My New Times Backstage Pass

18:17 Feb 15 2008
Times Read: 700


Johanna Carlisle

By Robrt L. Pela

Published: February 14, 2008



She may be playing the monster mom in Stray Cat's Kate Crackernuts, but her friends and fans know that Johanna Carlisle is a real beauty — even when she's barfing in the alley behind a convenience market.





I knew I wanted to be in show business when I memorized the aria "Un Bel Di" from Madame Butterfly at the age of 3 and then performed it at the family Christmas party that year.



The worst thing about being an actor is people always questioning your emotions. I always got the "turn off the tears" thing from people. Still do.



The happiest day in my life was the day I scored over a million points on Astrosmash with my Intellivision! No, actually it was the day my son Maxx was born.



If I could be anyone other than myself, it would be my Grandma Julieta Zepeda Hubbard. She led such an amazing life, starting in Mexico, then coming to Tucson by wagon with her family to escape Pancho Villa. She sang, did theater, had a wonderful family, teased boys . . . What a life!



It's not entirely true, but I sometimes tell people that I appeared on Broadway in Cabaret at Studio 54. (Actually, I was picked from the audience to dance with the Emcee at the start of Act Two. It was very cool but not quite a Broadway debut!)



My worst audition ever was for Peter Pan with a company I don't even remember anymore. It was so horrible I wrote two poems about it, trying to work through it.

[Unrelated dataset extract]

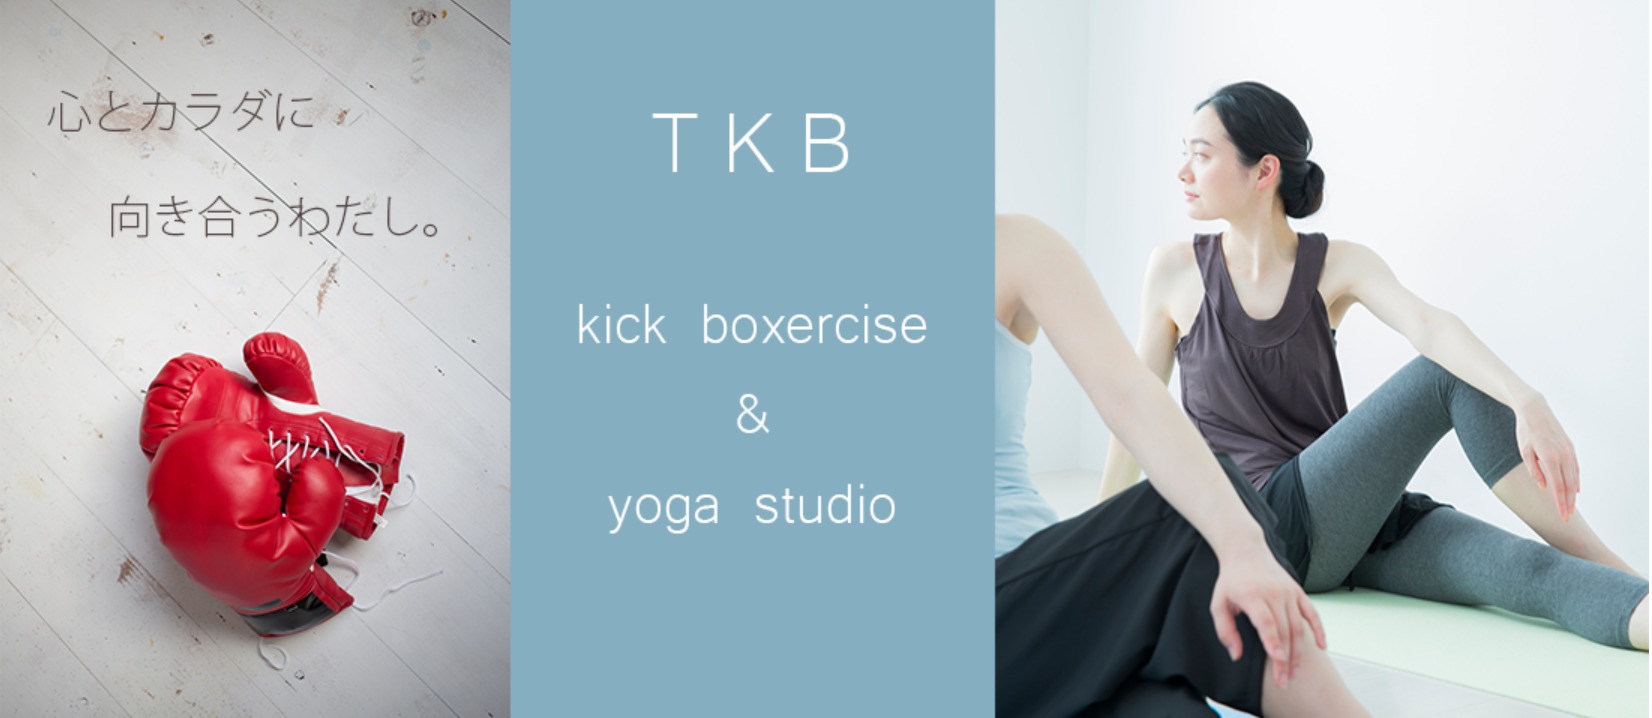 TKB kick boxercise & yoga studioの施設画像
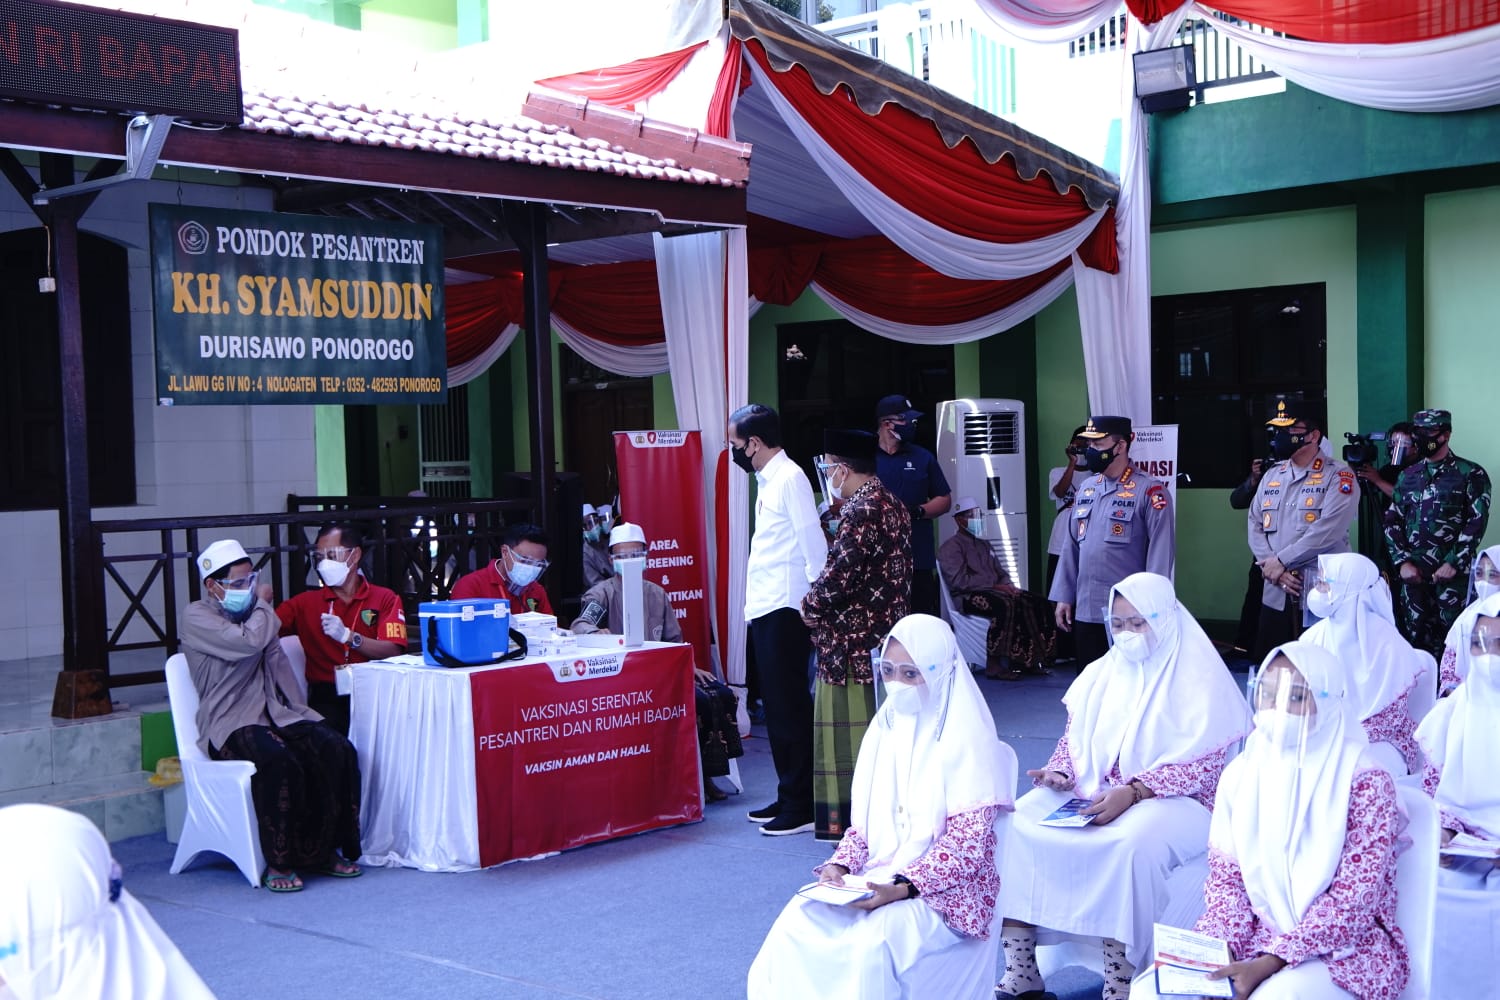 Presiden RI, Joko WIdodo meninjau kegiatan Vaksinasi Merdeka di Pondok Pesantren KH Syamsudin, Durisawo Ponorogo, Jawa Timur, Indonesia

The fictional character I am most like is a cross between Veronica Sawyer from Heathers and Mary Poppins on acid.



I am utterly terrified of helium-filled latex balloons.



I laugh uncontrollably at Monty Python, especially And Now for Something Completely Different.



The one thing I absolutely refuse to do on stage is something that would cause harm to me or another actor. I knew a method actor in college who did a cutting scene on stage with actual razors. Um, no.



Something I have never admitted to anyone before is I used to be a man. Okay, seriously: I've never taken an acting class in my life. I learned from watching movies, variety shows in the '70s, and working with amazing people like Kathy Fitzgerald, Joyce Lopez-Powell, and Lisa Fineberg.



Currently, I am reading Jane Espenson's Finding Serenity: Anti-Heroes, Lost Shepherds and Space Hookers in Joss Whedon's Firefly.



The first time I got drunk, I drank Southern Comfort and 7-Up and sang Journey's "Open Arms" loudly on the Biltmore Golf Course because the guy I had a crush on was with me. Later that night, I puked behind the Circle K on Seventh Street and Missouri. Good times!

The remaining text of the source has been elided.